In the event of a decrease in mass by more than 16%, or an increase in their capacity by more than 3%, the cylinders are rejected.
2.17. Cylinders converted to reduced pressure can be used for filling with gases, the working pressure of which does not exceed the allowable pressure for these cylinders, while they must be stamped with: mass; working pressure (Rrab.), MPa (kgf / cm 2); test pressure (Rprob.), MPa (kgf / cm 2); date of the conducted and next survey and the stamp of the point that carried out the test.
Brands on the cylinder, applied earlier, with the exception of the number of the cylinder, the trademark of the manufacturer and the date of manufacture, must be hammered.
2.18. Rejected cylinders, regardless of their purpose, must be rendered unusable (by applying notches on the neck thread or drilling holes on the body), excluding the possibility of their further operation.
2.19. Examination of cylinders should be carried out in separate specially equipped rooms. The air temperature in these rooms should not be lower than 12°C.
For internal examination of cylinders, it is allowed to use electric lighting with a voltage of not more than 12 V.
When inspecting cylinders filled with explosive gases, the fittings of the hand lamp and its plug connection must be explosion-proof.

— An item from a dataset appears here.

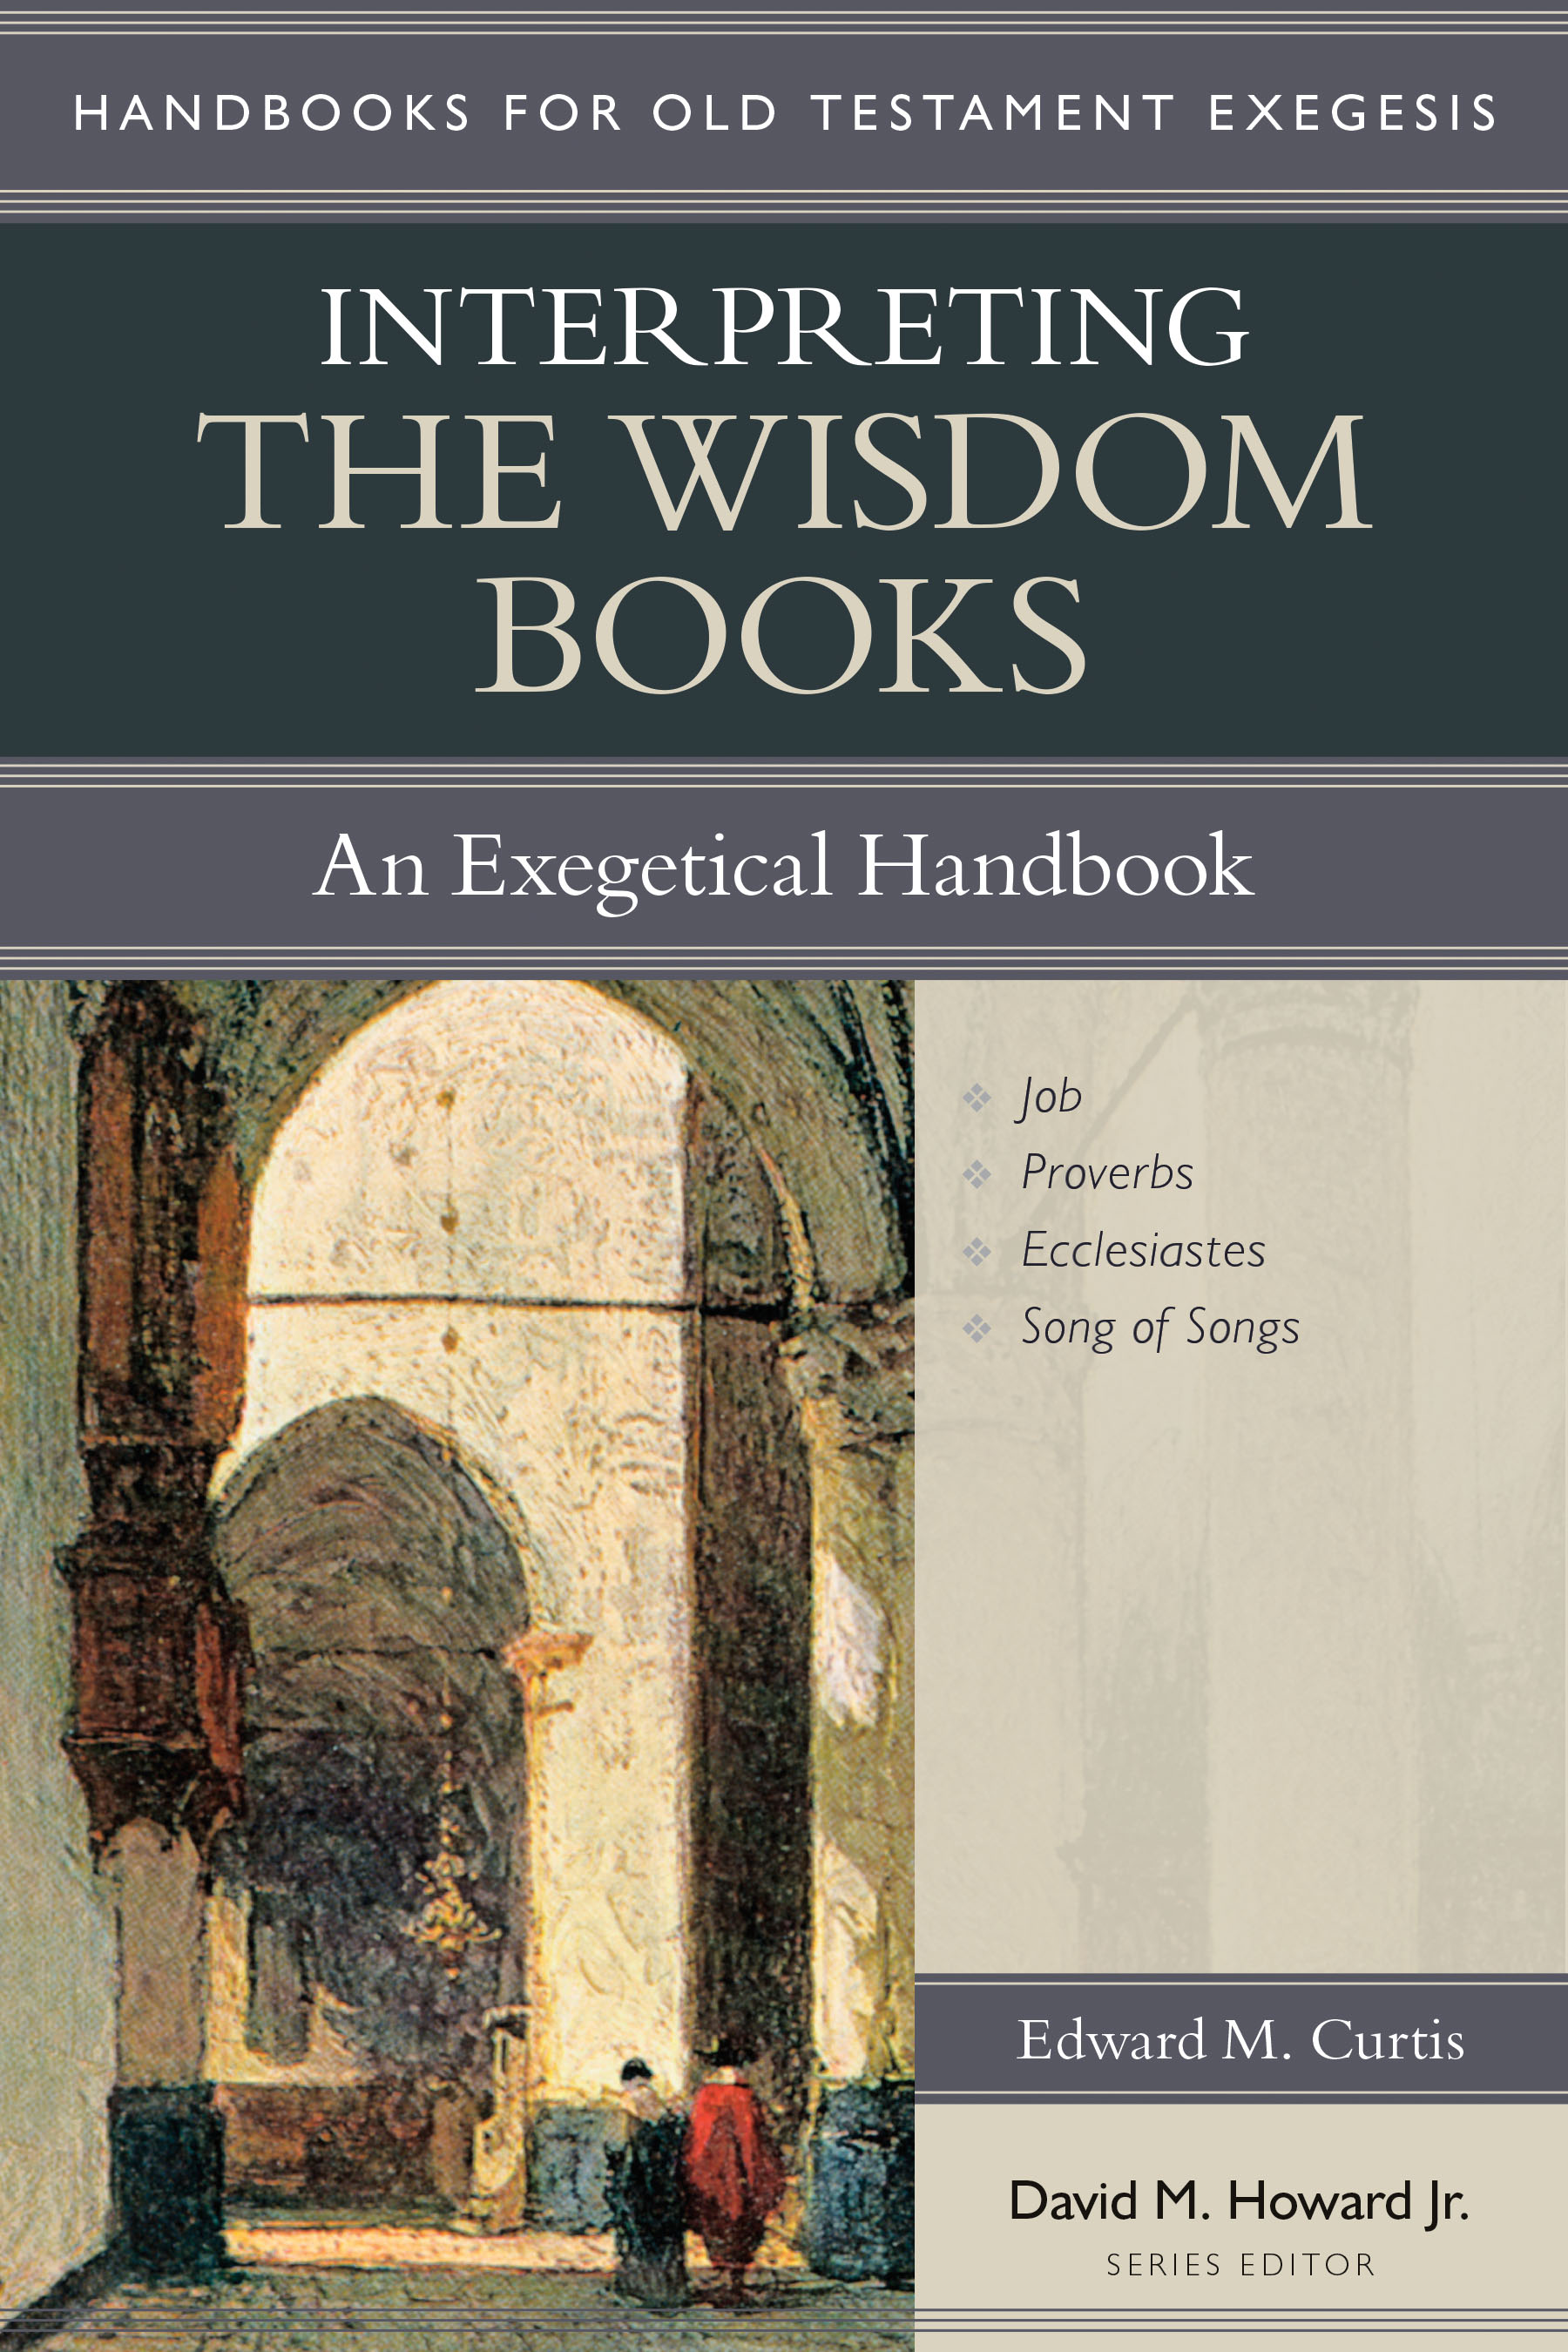 Interpreting the Wisdom Books: An Exegetical Handbook

2.20. Gas-filled cylinders that are in long-term storage, upon the onset of the next period of periodic examination, are subject to examination by a representative of the administration on a selective basis, in an amount of at least 5 pcs. - from a batch of up to 100 cylinders, 10 pcs. - from a batch of up to 500 cylinders and 20 pcs. - from a batch of more than 500 cylinders. If the results of the survey are satisfactory, the storage period for cylinders is set by the person carrying out the survey, but not more than 2 years. The results of the selective survey are documented in the relevant act.

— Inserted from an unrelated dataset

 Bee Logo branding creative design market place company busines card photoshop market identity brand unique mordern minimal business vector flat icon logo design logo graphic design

In case of unsatisfactory survey results, the cylinders are re-examined in the same quantity. In case of unsatisfactory results during the re-survey, further storage of the entire batch of cylinders is not allowed, the gas from the cylinders must be removed within the period specified by the person (representative of the administration) carrying out the survey, after which all cylinders must be individually examined.
3. Operation of cylinders
3.1. The operation, storage and transportation of cylinders at the enterprise must be carried out in accordance with the requirements of the instructions approved in the prescribed manner.
3.2. Cylinder service personnel must be trained and instructed in this manual.
3.3. During the operation of the cylinders, it is forbidden to completely exhaust the gas contained in them. The residual gas pressure in the cylinder must be at least 0.05 MPa (0.5 kgf / cm 2).
3.4. The release of gas from cylinders into containers with a lower working pressure must be carried out through a reducer designed for this gas and painted in the appropriate color.
The low pressure chamber of the reducer must have a pressure gauge and a spring-loaded safety valve adjusted to the appropriate permitted pressure in the vessel into which the gas is vented.
3.5. If it is impossible due to a malfunction of the valves to release gas from the cylinders to the place of consumption, the latter must be returned to the filling station. The release of gas from such cylinders at the filling station must be carried out in accordance with the instructions approved in the prescribed manner.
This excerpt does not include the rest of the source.